◆ DATA SECTION
- - - - -
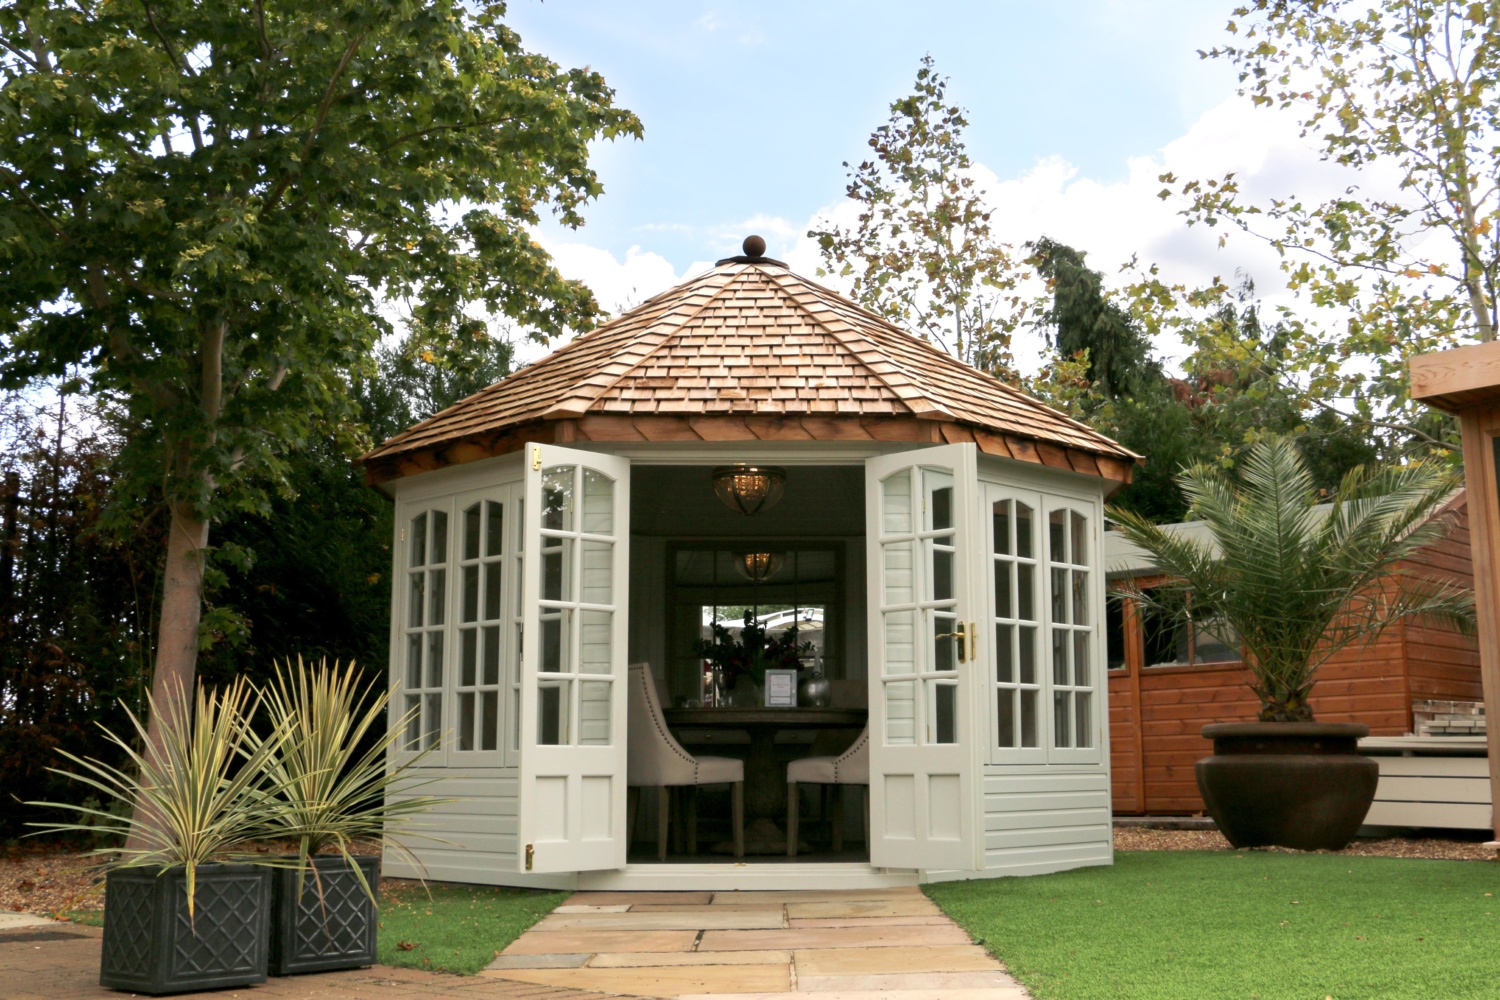 Hopton Summerhouse by Malvern Garden Buildings
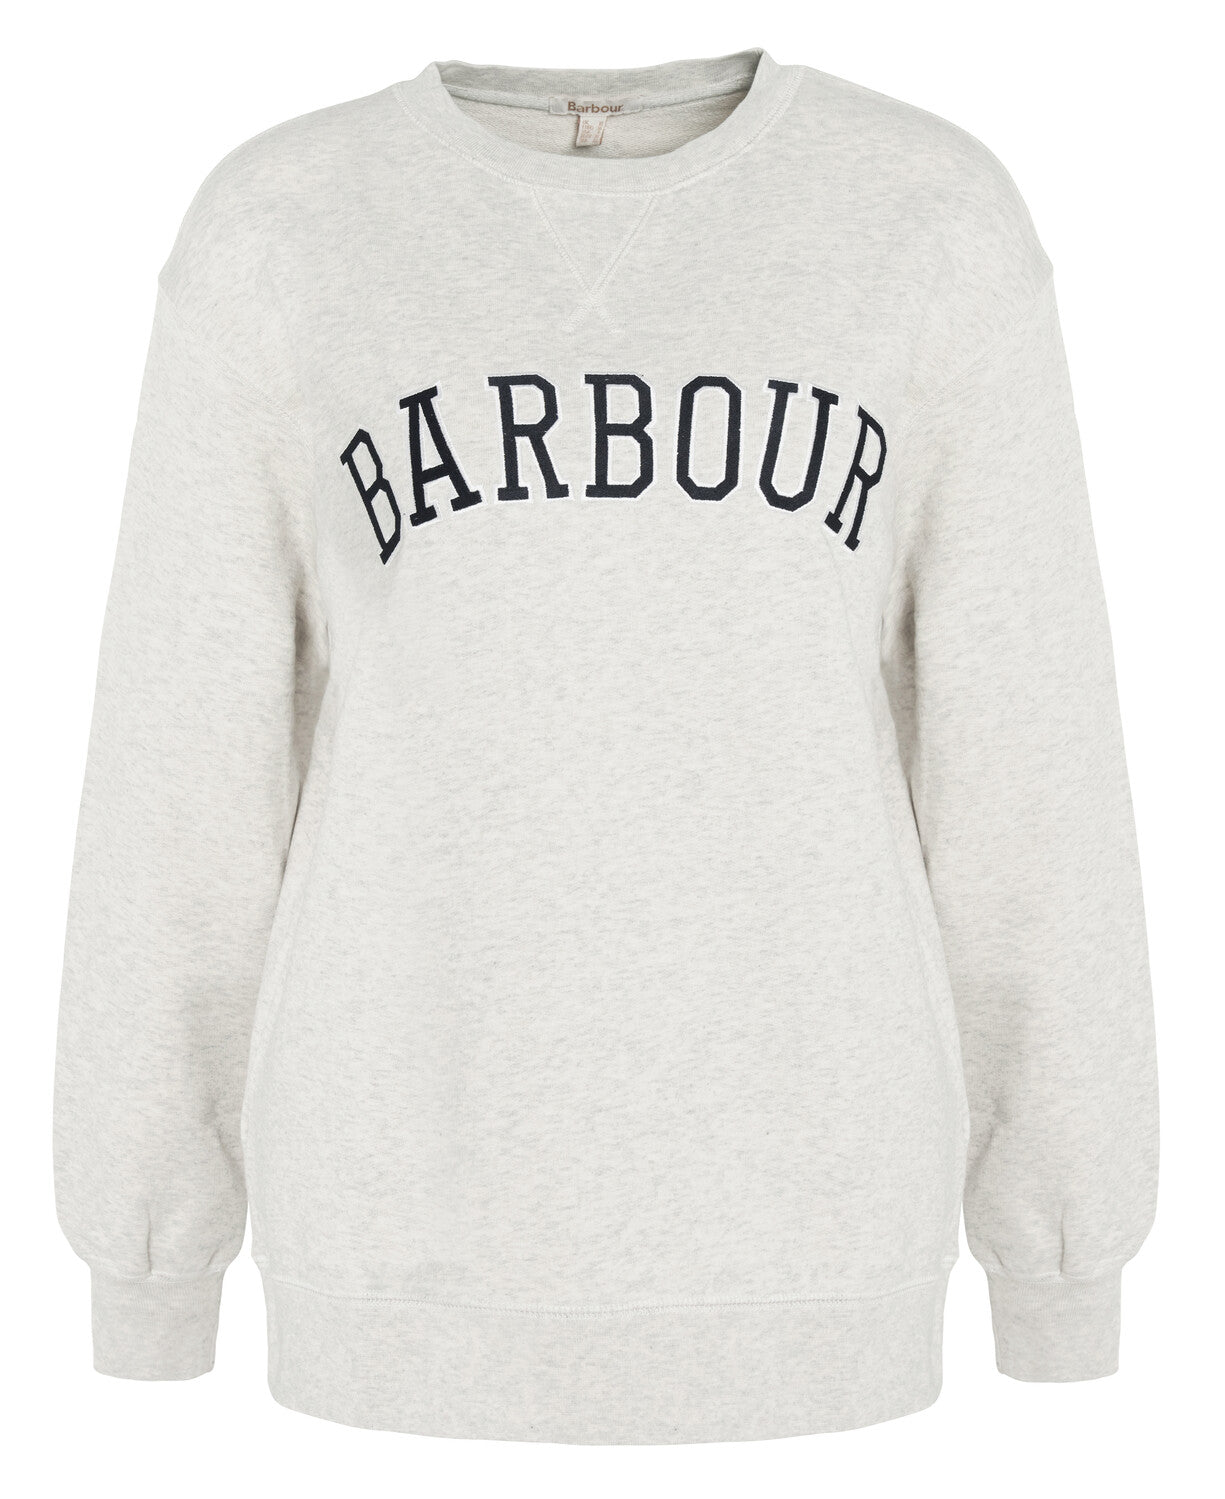 Barbour Northumberland Sweatshirt - Cloud/Navy
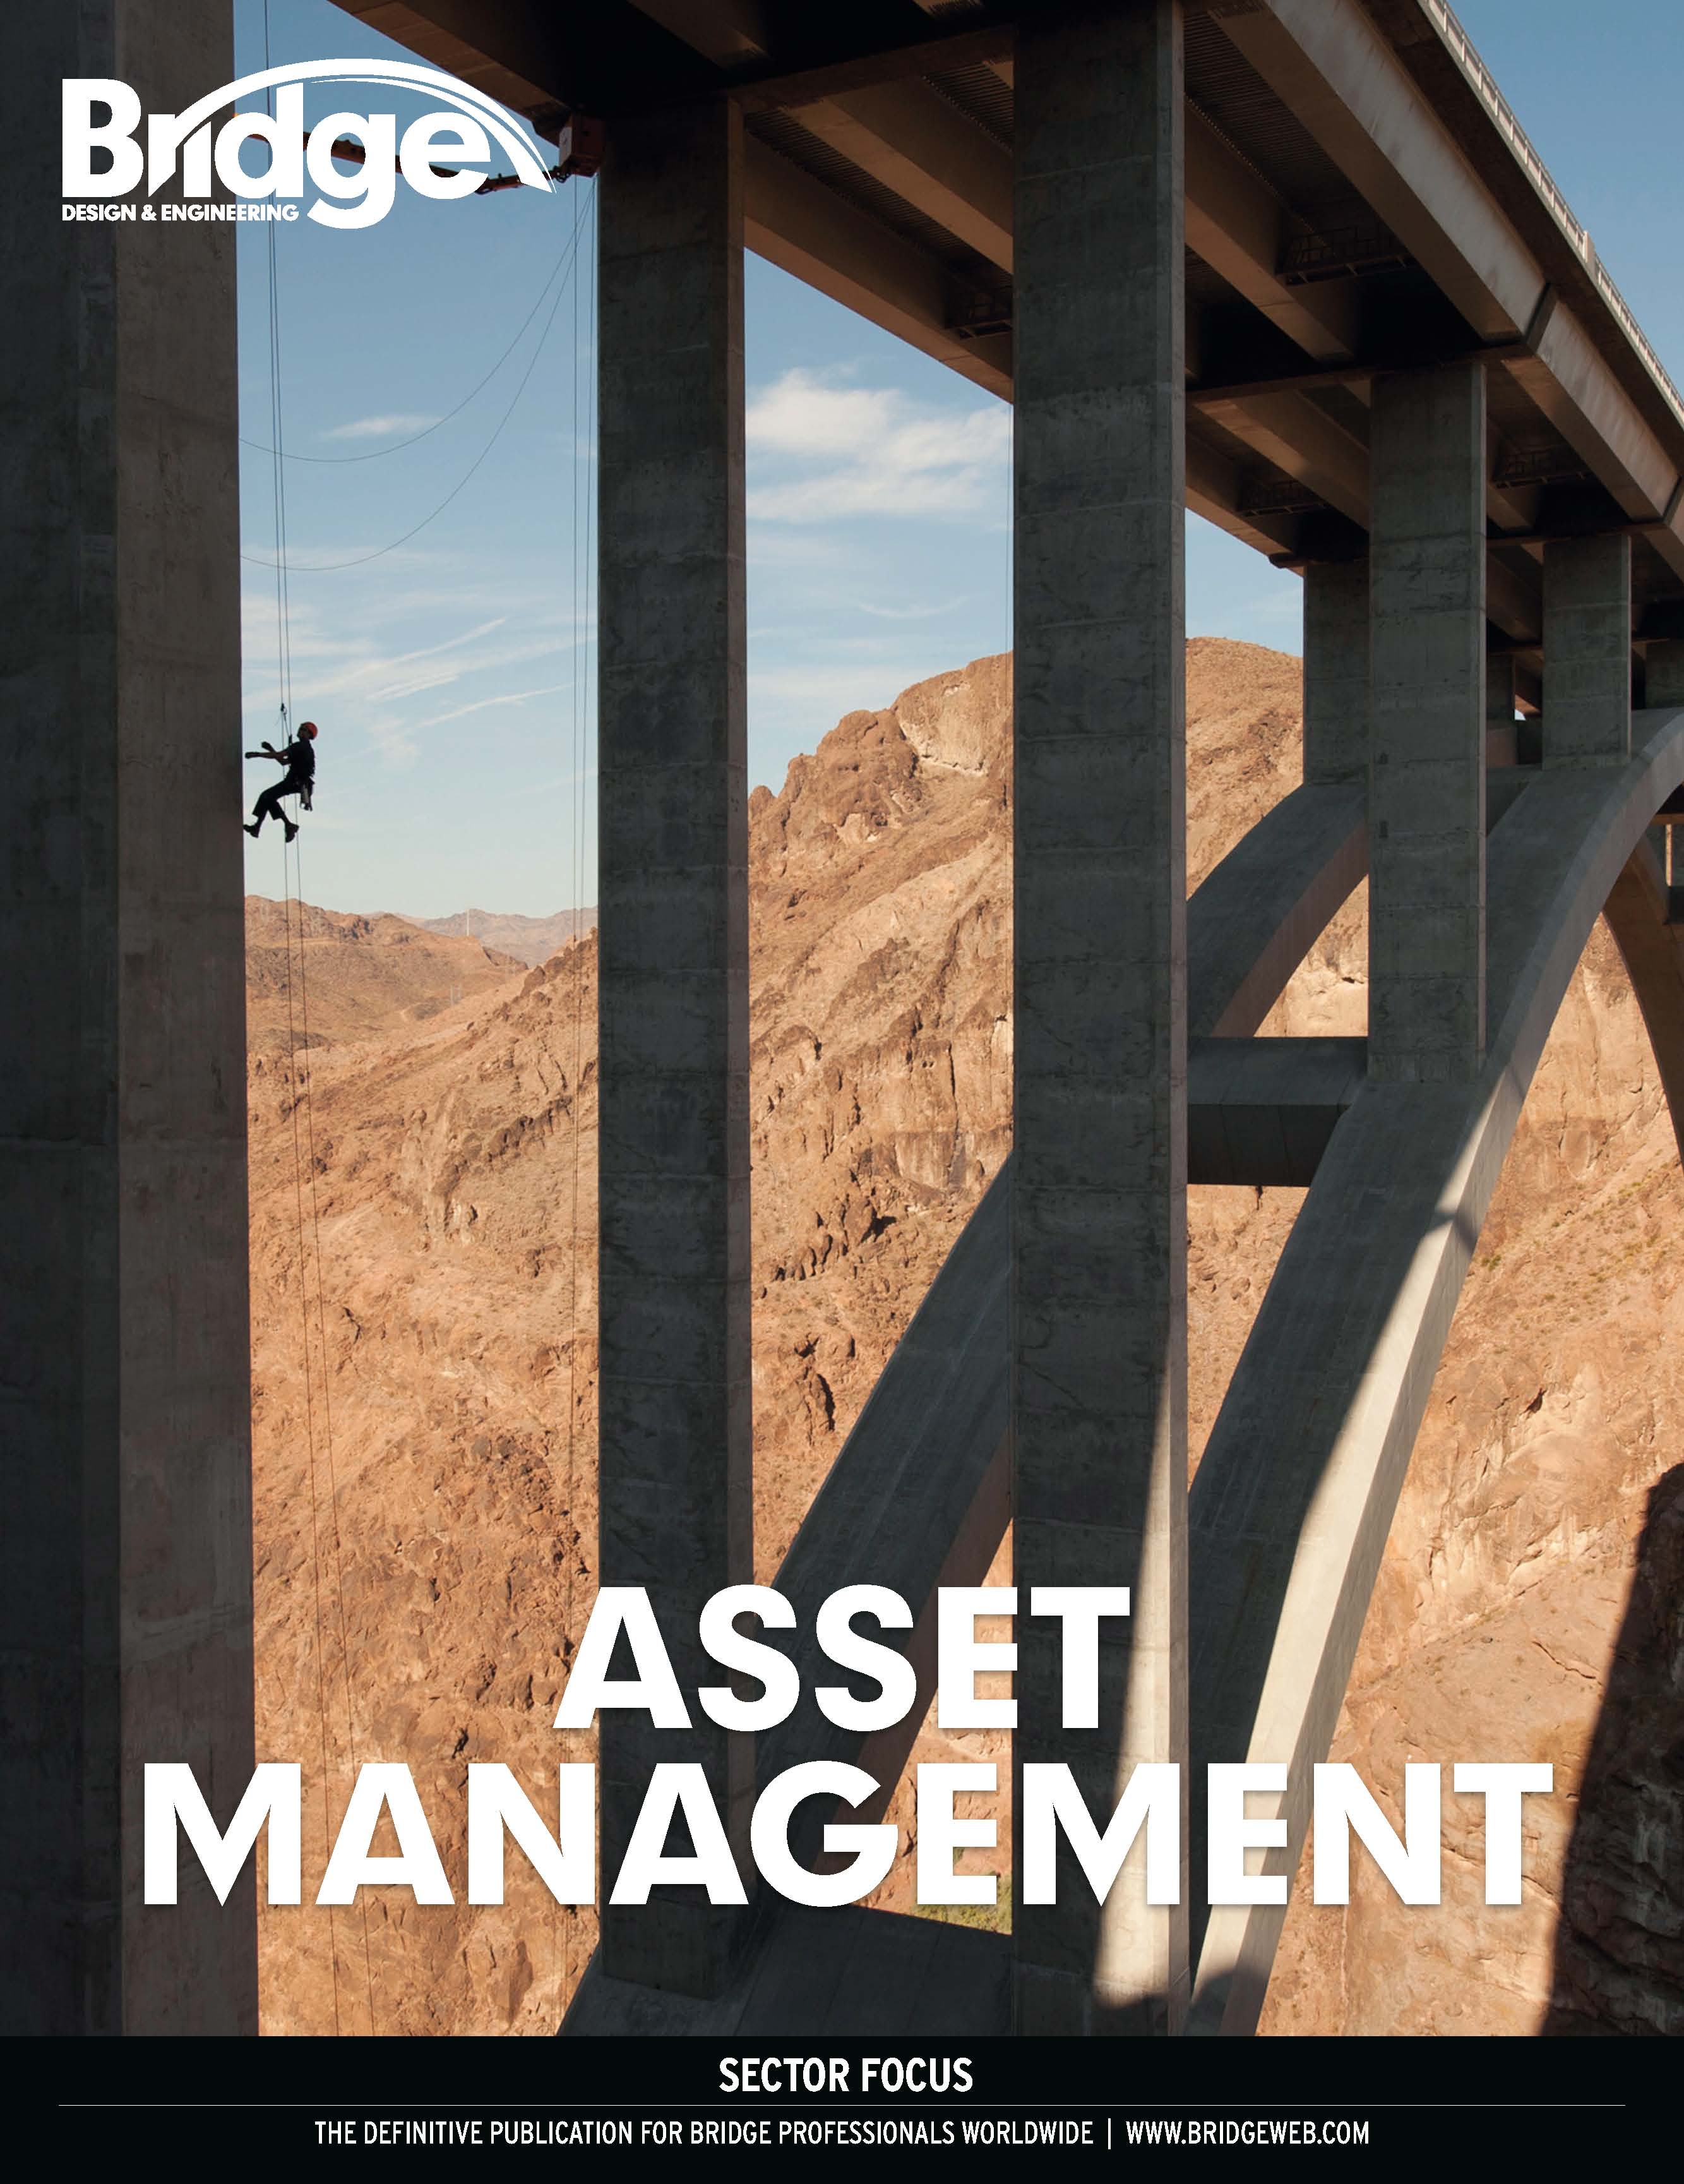 Asset management
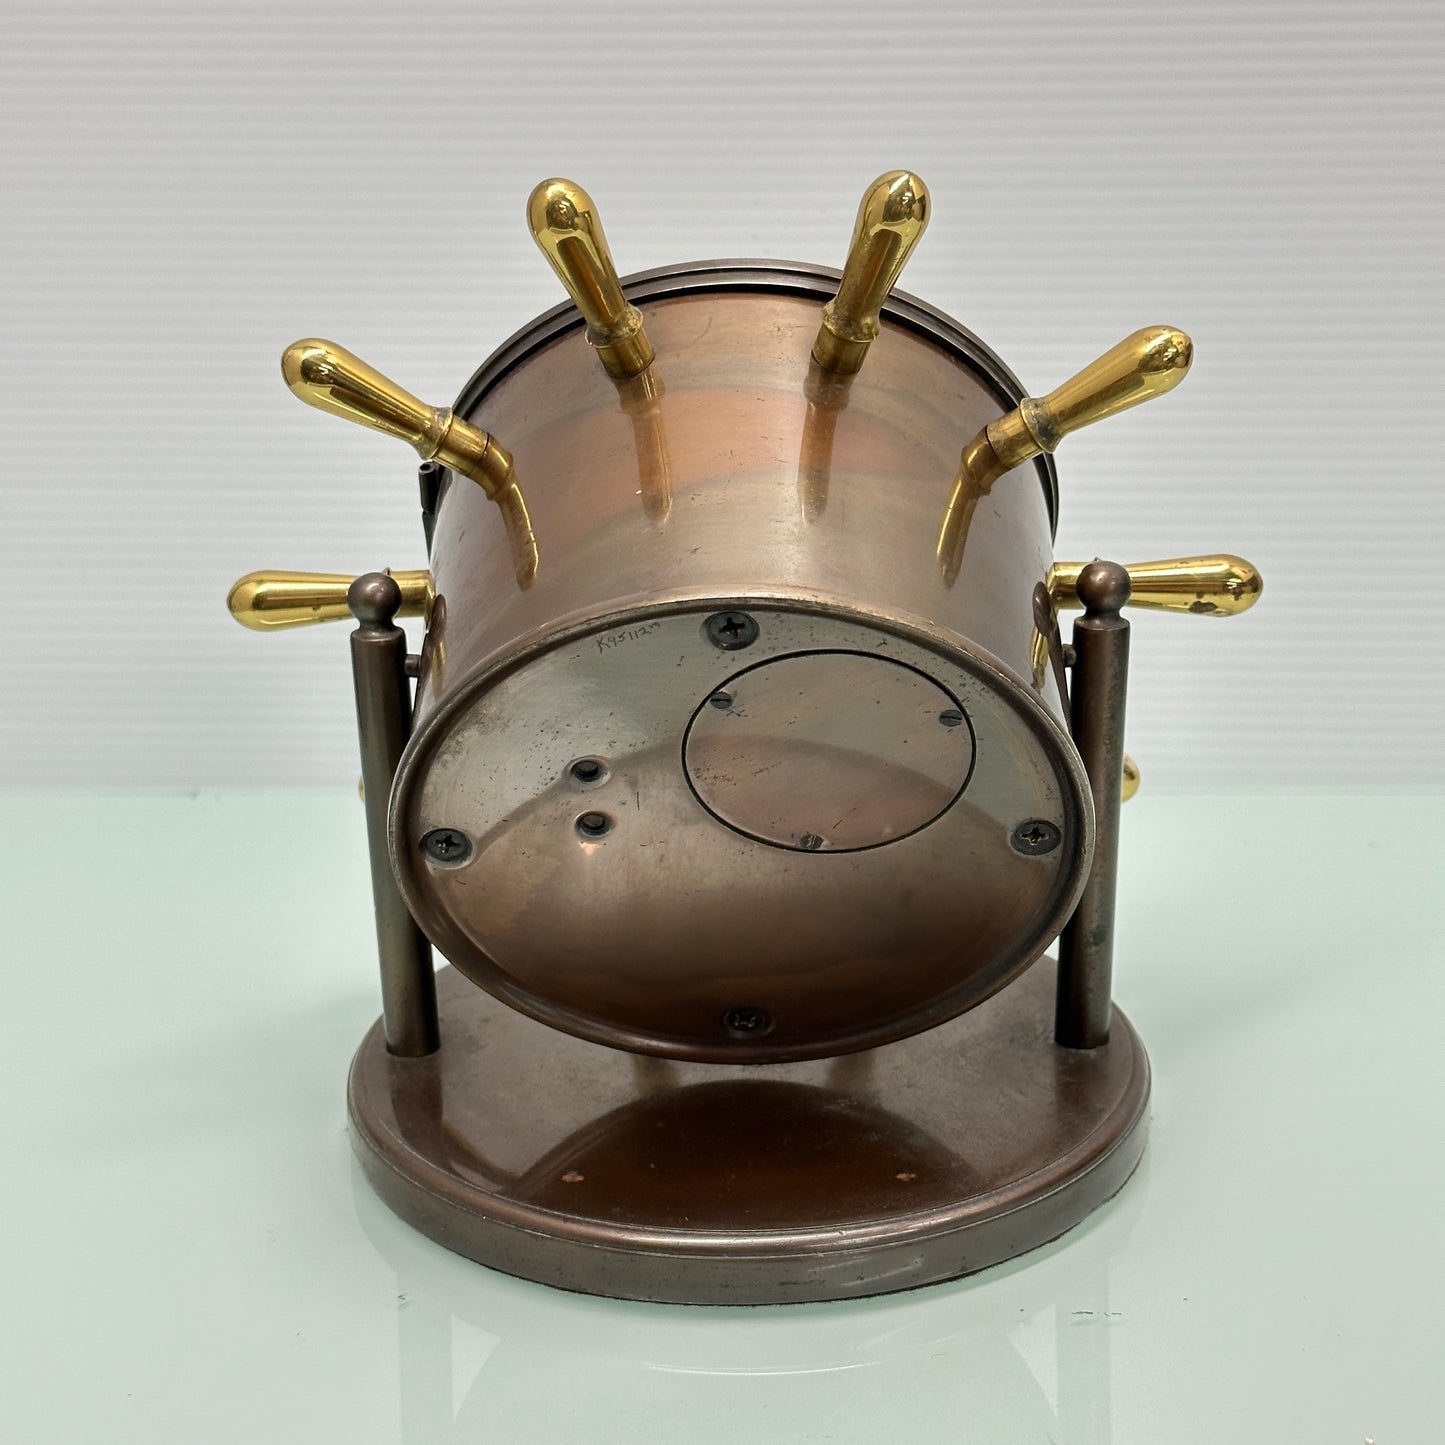 Chelsea Clock Co. - Vanderbilt - Bronze and Brass Gimbal Desk Ships Bell Clock 4”
- - - - -
◆ EXERCISE GOAL
Each line above has to be returned exactly. Drop the pictures.

◆ WRITTEN ANSWER
 Hopton Summerhouse by Malvern Garden Buildings
 Barbour Northumberland Sweatshirt - Cloud/Navy
 Asset management
 Chelsea Clock Co. - Vanderbilt - Bronze and Brass Gimbal Desk Ships Bell Clock 4”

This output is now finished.